I’ll push back on this, at least in its current iteration. I just asked it to list some restaurants near my apartment (major intersection in San Jose) and it wasn’t particularly close. While there are several restaurants less than half a mile from the intersection, ChatGPT listed restaurants from several miles away.

Given the “weights in a matrix” architecture of ChatGPT, I’m not sure it’s possible to store enough data to make the query practical to answer. Say there are a couple hundred intersections in my city. You have to store the token of “restaurant name” “close to” “intersection” for each intersection. I don’t know the size of Google’s Maps DB, but I would guess it’s several Gigabytes per city. From my understanding of the theory, you would need to store BOTH the LLM weights AND the Maps data for ChatGPT to have a shot at generating good answers for that type of query.

I’m happy to be wrong here. If I’m misunderstanding something, please let me know.

Well you’re right since ChatGPT isn’t hooked up to the internet, so certain queries aren’t good use cases. Adding maps info to a language model would be a pretty bad idea (even if it didn’t hallucinate) since it can change at any time, which would require more (expensive) training.

What Bing does is to use your query to search the web and use the top N search results in the context window for the chat.

However I’ll push back on your pushback. ChatGPT doesn’t need to be perfect to be a killer app. It is highly flawed. Maybe it was a bit to strident to say ChatGPT will kill Google search, but it’s strictly better for a lot of squishy queries that don’t have a factual basis.

How can I convince my boss to give me a raise? gets you a listicle on Google and a highly specific response on ChatGPT. And if some of the advice doesn’t apply, you can continue directing the conversation. It’s an idea generator, even if some of them are bad or don’t make sense.

Tangentially related, I had GPT-4 plan the sightseeing on my latest holiday.

It both picked out the interesting places of note, and then I asked it to plan them in such a way that made sense walking-wise (so I wasn't backtracking) and it did so without a hiccup.

You're not wrong at all, it doesn't know everything.

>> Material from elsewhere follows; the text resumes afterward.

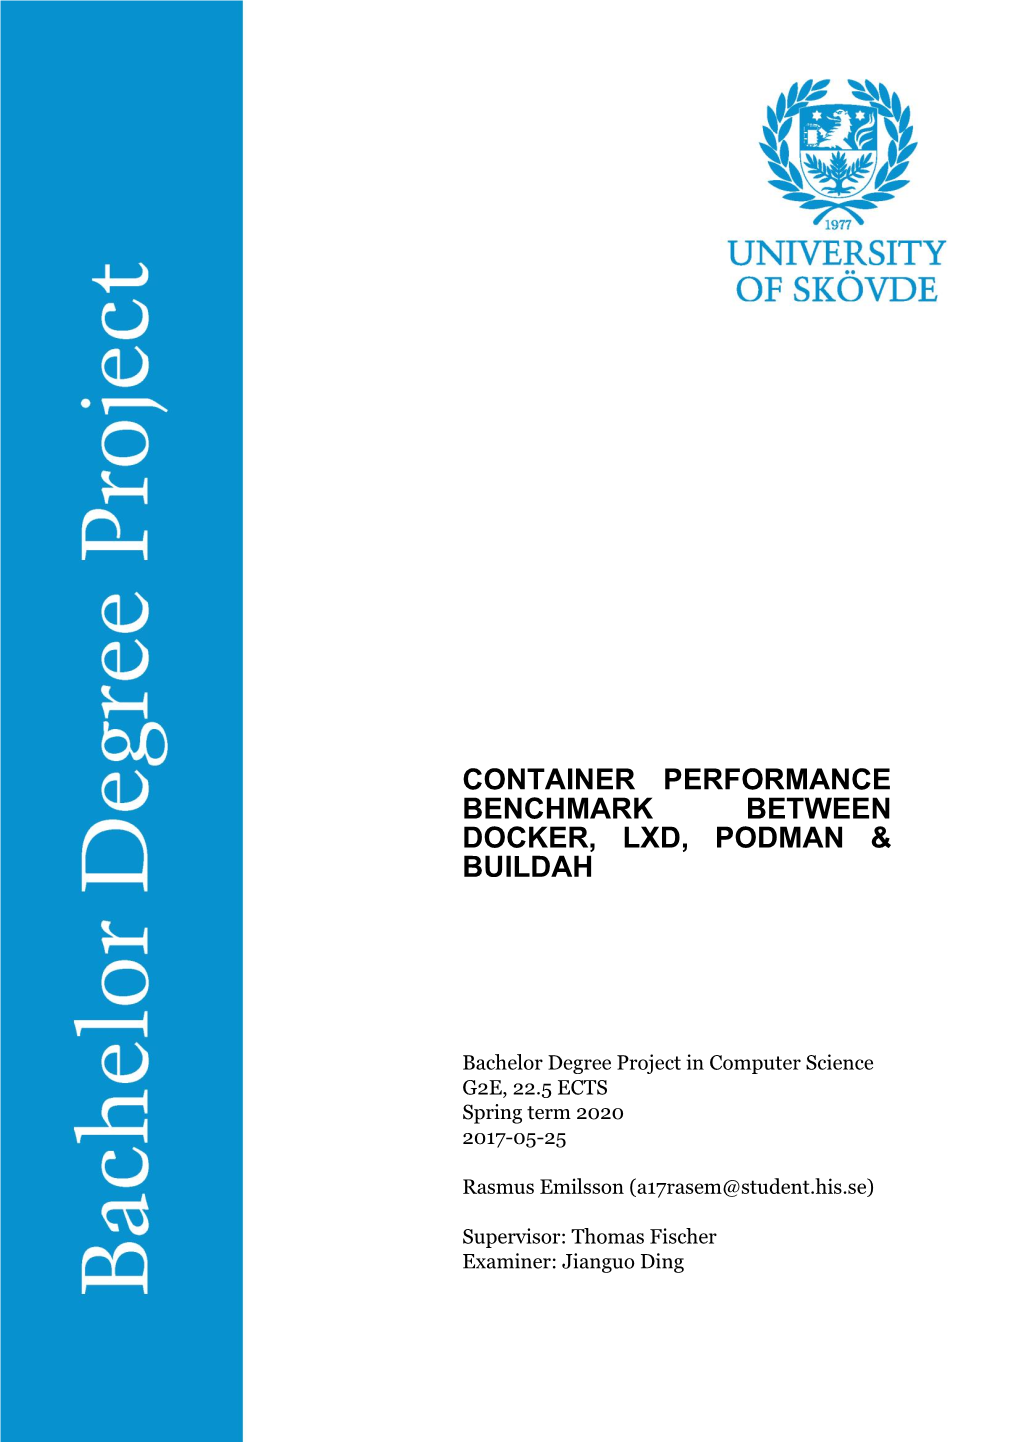 Container Performance Benchmark Between Docker, Lxd, Podman & Buildah

But it does know a lot of things and can be super useful. Personally i think search engine is a terrible use case, unless you use the Bing enabled version, or bing chat.

I've used it to write pretty complicated scripts where I had no idea what I was doing, rebuild crusty httpd configs from first principles, explain disassembled code, explain regular code, explain configs, read dmidecode and lspci for me and make a pcie slot report... It's bloody brilliant.

Other: read and translated my blood tests. Accurately!

> ChatGPT is the killer app. It’s a Google killer. It is better than the SEO listicle garbage filling the internet.

And yet it hallucinates URLs when I ask it to cite its sources. It's still Google search with a little patience for me.

It is not a direct replacement for search engines, but it will seriously dent their market share.

If you are looking for a location on the internet, use a search engine. LLMs do not memorise the data sources verbatim.

If you want to know how to do something, it will normally give you a better answer than you would find by googling around multiple blogs. No location on the internet needed.